But how come if I manually cut the power to the host, everything works fine? I've never had that issue before when my host loses and restores power.
And also, HA does not really have anything to do with this, as the Z2M docker is running completely separately and it was the Z2M docker that had the issue.
Edit: Added some more information in the reply.
I had something similar happen to my docker-based instance 3 days ago after rebooting my server. Zigbee2MQTT version 1.24.0-dev (commit #c49f546) zigbee-herdsman (0.14.20)
Had the same issue today :(
Really a pitty that the system is not self-healing.
Zigbee2MQTT version
1.24.0-dev commit: [f7c6207](https://github.com/Koenkk/zigbee2mqtt/commit/f7c6207)
Coordinator type
ConBee2/RaspBee2
Coordinator revision
0x26720700
Coordinator IEEE Address
0x00212effff0656b9
Frontend version
0.6.77
This issue is stale because it has been open 30 days with no activity. Remove stale label or comment or this will be closed in 7 days
Same issue today. Power loss on both Z2M and lights / devices and a lot of devices gone when Z2M reboots. I have manually cut the power before without consecuences.
This issue is stale because it has been open 30 days with no activity. Remove stale label or comment or this will be closed in 7 days
is this really stale? afaik there was no fix yet?
just had the same issue. Almost all devices gone after power outage, only 2 were present in z2m, both Hue motion sensors, the rest of 20 devices gone. I managed to get most of them back by resetting them but I have 4 Philips Hue outdoor lights that don't want to rejoin by themselves and I can't reset them. I'll need to remove them from the wall, get the serial number, add them to Philips Hue app and I think I'll keep them there, don't want to get the ladder out if a power outage happens again.
Using zzh stick. Also tried updating to latest coordinator firmware and keeping "Allow join" on all the time with the hope that some devices will rejoin by themselves but those 4 lights never did. Some IKEA buttons did rejoin when I pressed them but not all.

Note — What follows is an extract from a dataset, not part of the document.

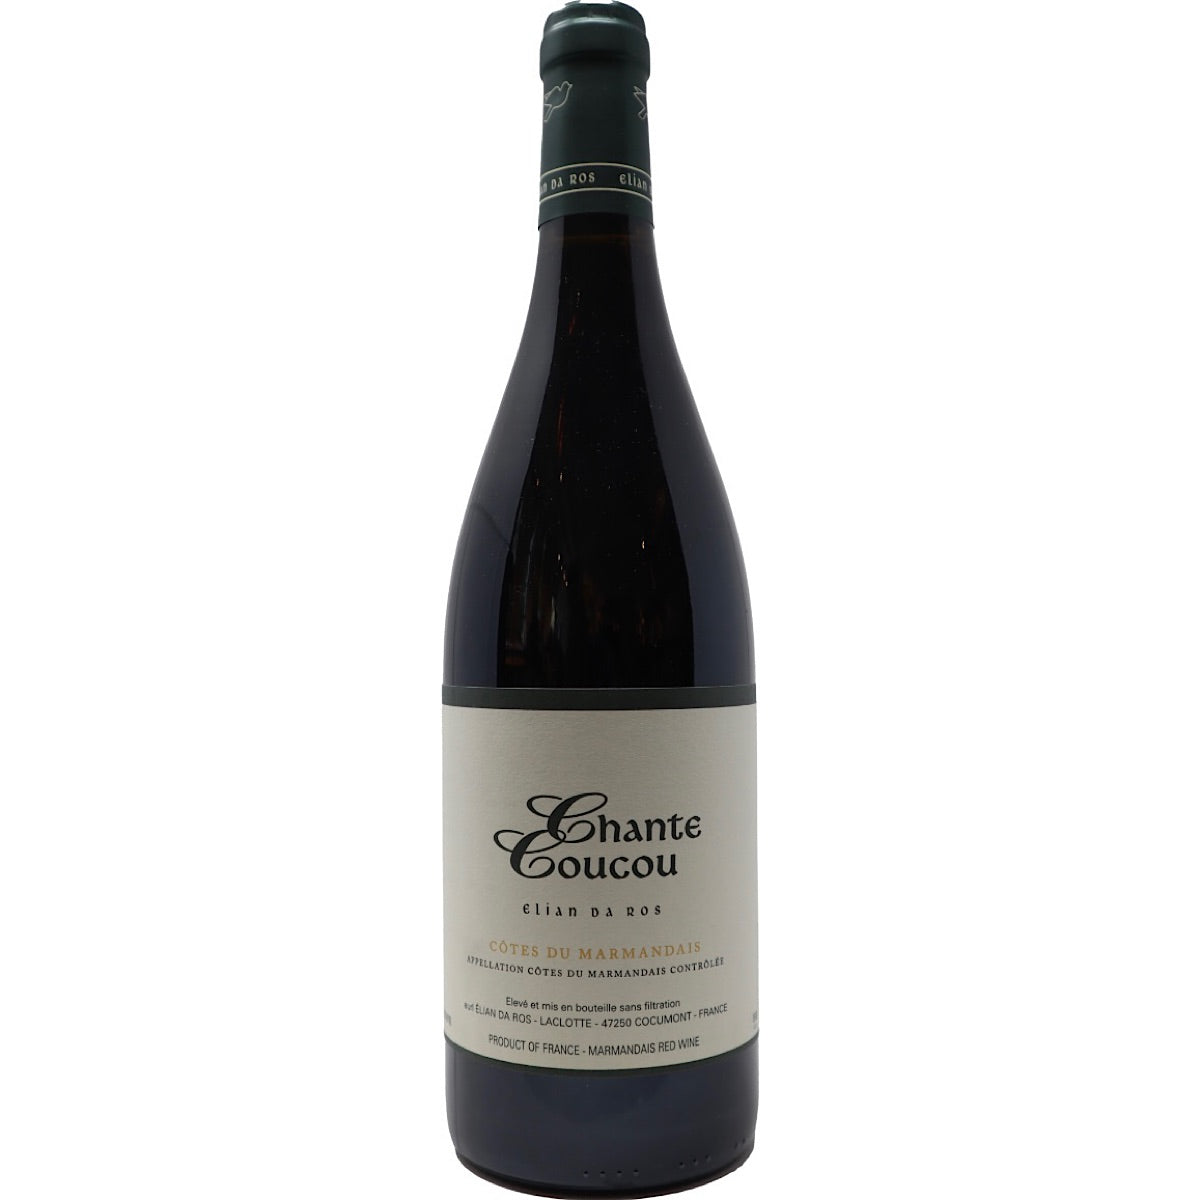 DOMAINE ELIAN DA ROS, Côtes du Marmandais, CHANTE COUCOU ROUGE,  6 Bottle Case 75cl

This issue is stale because it has been open 30 days with no activity. Remove stale label or comment or this will be closed in 7 days
AFAIK not stale
What do you mean with "gone"?
What do you mean with "gone"?
- Are the devices missing from the z2m frontend OR
- Are non of the devices controllable?
Both
Yep for me it was also the same.. nearly all devices were not visible in Z2M frontend nor controllable in Homeassistent. I had also need to repair them.
Maybe there is some unwritten state in Z2M which creates an inconsistency when the Z2M system is killed hardly?
Did something special happen around during crash? Z2M won't just empty its data/database.db
file by itself
hmm i can not remember any special expect the power outage..
just checked what the database.db is.. and afaik this is just a json file? maybe this file just gets corrupted from time to time?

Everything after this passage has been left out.